Ma in che consiste, nel concreto, il processo in atto? In Veneto l’«industria della salute» assorbe oltre il 60% del bilancio regionale (8,3 miliardi all’anno), vanta conti in attivo e occupa 58 mila persone, distribuite tra pubblico (88% del totale) e privato. È un colosso, che si snoda in 51 ospedali e 25 tra Ulss e Aziende. È attrezzato per offrire prestazioni di qualità elevata ma sconta tuttora una vecchia concezione «generalista» che privilegia la degenza rispetto alla cura diffusa sul territorio, concentrando così energie umane e materiali su una rete ospedaliera non immune da duplicati, sacche di inefficienza, esuberi. La riforma in cantiere prova a invertire questa tendenza, riducendo anzitutto i posti letto con un taglio di 1200 unità che ne fissa il limite a 17.300; introducendo un blocco sostanziale dei primariati - ne sono stati concessi 6 in più rispetto agli attuali 758, andranno a Verona (2), Padova (2), Alta Padovana e Iov - e avviando la fusione dei reparti «doppione» più vistosi. In effetti, la scure annunciata e paventata da più parti, somiglia molto a un temperino che infine ha accolto più istanze di quante ne abbia respinte. Tanto più che accanto all’istituzione di dipartimenti ex novo - quali l’Odontoiatria per disabili e la Psicologia ospedaliera - compare lo sblocco de facto delle assunzioni, decretato da un atto che vincola la Regione a coprire l’organico (oggi carente) dei servizi attivati.

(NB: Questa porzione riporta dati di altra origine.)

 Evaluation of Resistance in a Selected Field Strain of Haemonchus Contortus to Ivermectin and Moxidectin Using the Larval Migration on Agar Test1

Chi scommette sul potenziamento delle cure sul territorio come alternativa al ricovero sistematico, è l’assessore Luca Coletto: «In Veneto non si era mai vista un’articolazione così capillare e tarata sulle necessità delle persone a cui rispondere vicino a casa e fuori dagli ospedali per acuti. Penso agli ospedali di comunità e alle medicine di gruppo, da far partire subito; al rafforzamento del sistema di urgenza-emergenza; alla diffusa presenza di punti di primo intervento e di servizi per la diagnostica». Nel frattempo, proteste e critiche non mancano... «Come sempre, quando viene varata una riforma di tale portata, c’è chi storce il naso e chi grida alla mannaia. Esorto tutti a non fare demagogia, se qualche aspetto del piano non darà le risposte attese c’è la massima disponibilità a porvi rimedio». Dove l’allusione corre al dibattito in aula che potrebbe riservare ritocchi all’impianto di base.

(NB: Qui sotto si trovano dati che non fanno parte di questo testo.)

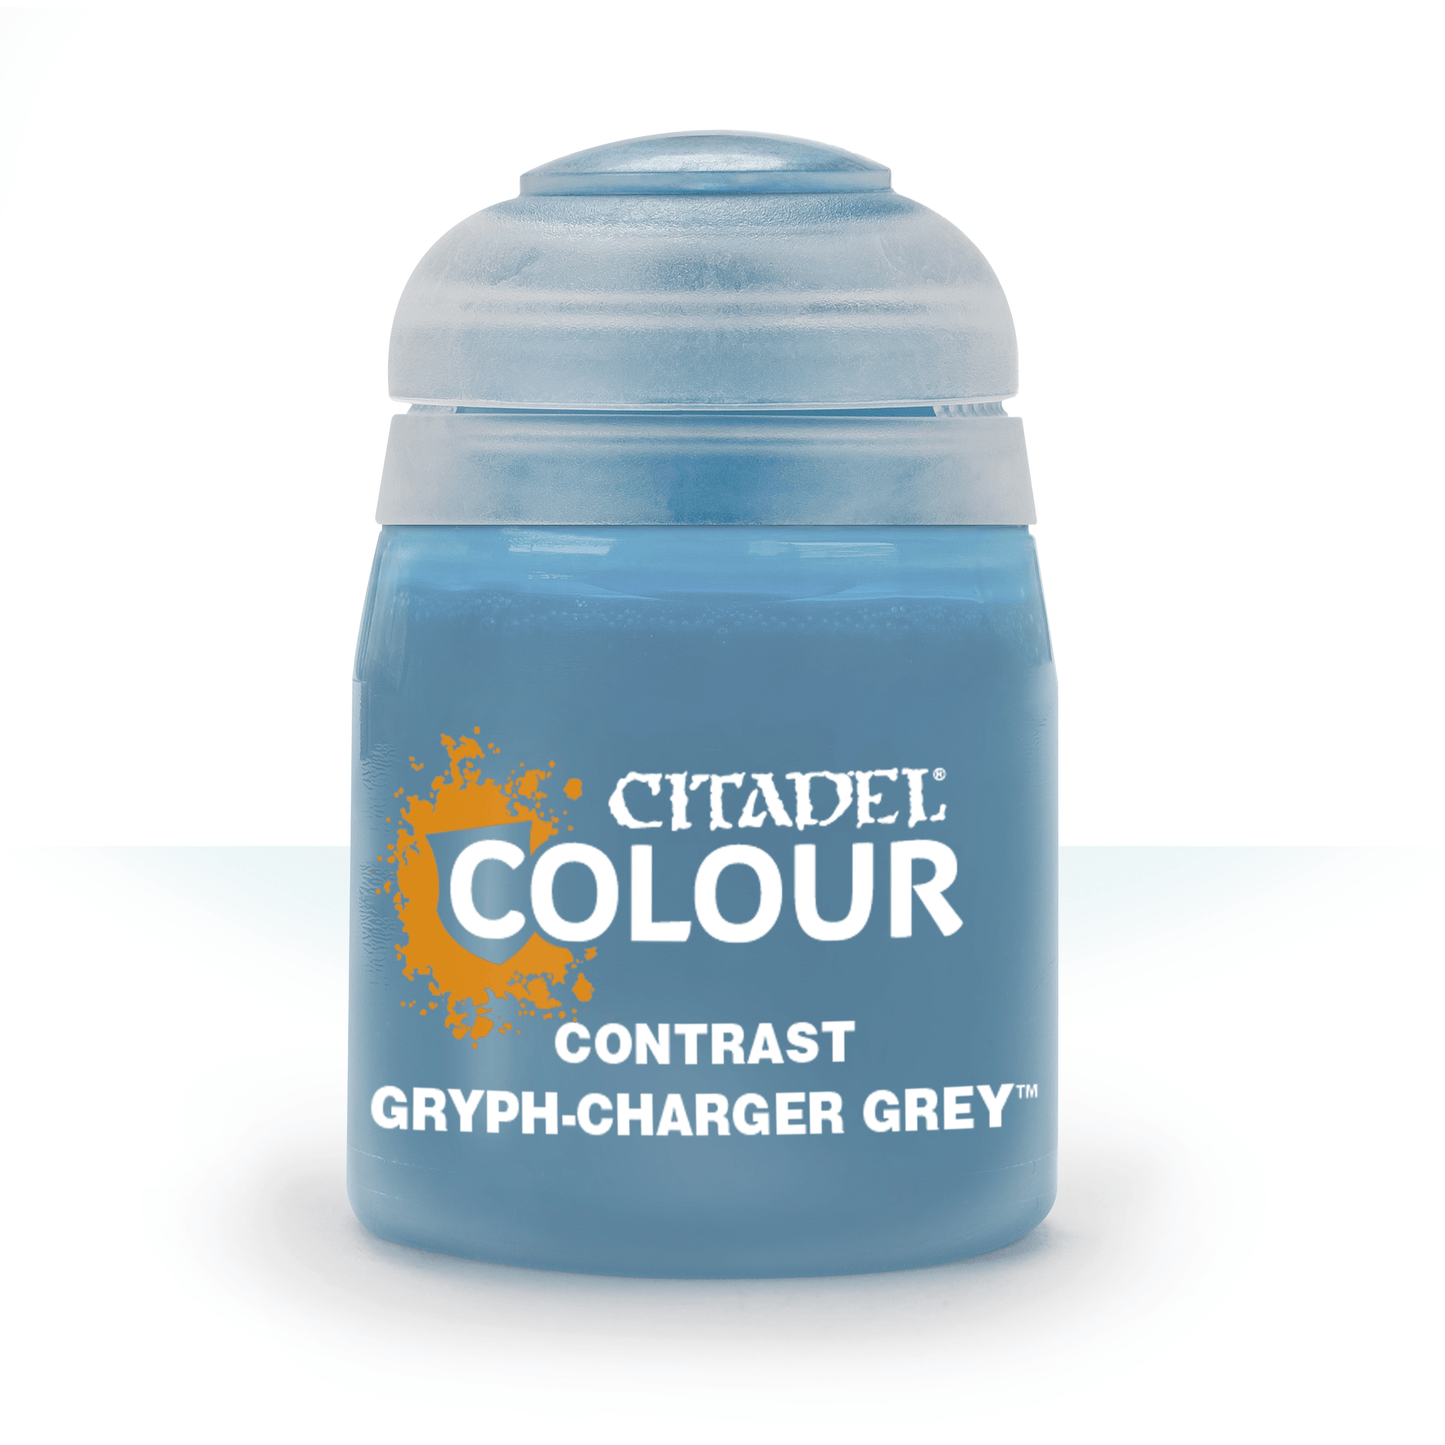 Gryph-Charger Grey | 29-35 | Contrast

In commissione (pur tra momenti collaborativi che hanno indotto Padrin a plaudire «il dialogo costruttivo tra persone oltre gli steccati politici») l’opposizione ha espresso voto contrario. «Al di là di alcune correzioni positive, la strada imboccata è chiara: tagliare posti letto ospedalieri senza garantire in cambio servizi e risorse nei territori. Quando e dove vedranno la luce gli ospedali di comunità, gli hospice, i centri per l’alzheimer e la sclerosi multipla?», chiede Claudio Sinigaglia (Pd) «perché dimezzare il numero dei distretti? Perché eliminare un gran numero di responsabili di psichiatria per l’infanzia e l’adolescenza, la disabilità e la non autosufficienza? Su questi nodi rimane il buio assoluto». Soddisfazione dalla Lega, per voce di Federico Caner e Arianna Lazzarini («La nostra sanità ci rende orgogliosi») e da parte del capogruppo pidiellino Dario Bond («Un buon lavoro, il punto d’equilibrio è stato raggiunto») mentre Antonino Pipitone, medico-consigliere dell’Idv parla di «errori e incongruenze» e Antonio De Poli (Udc) liquida il tutto «uno spot propagandistico di Zaia».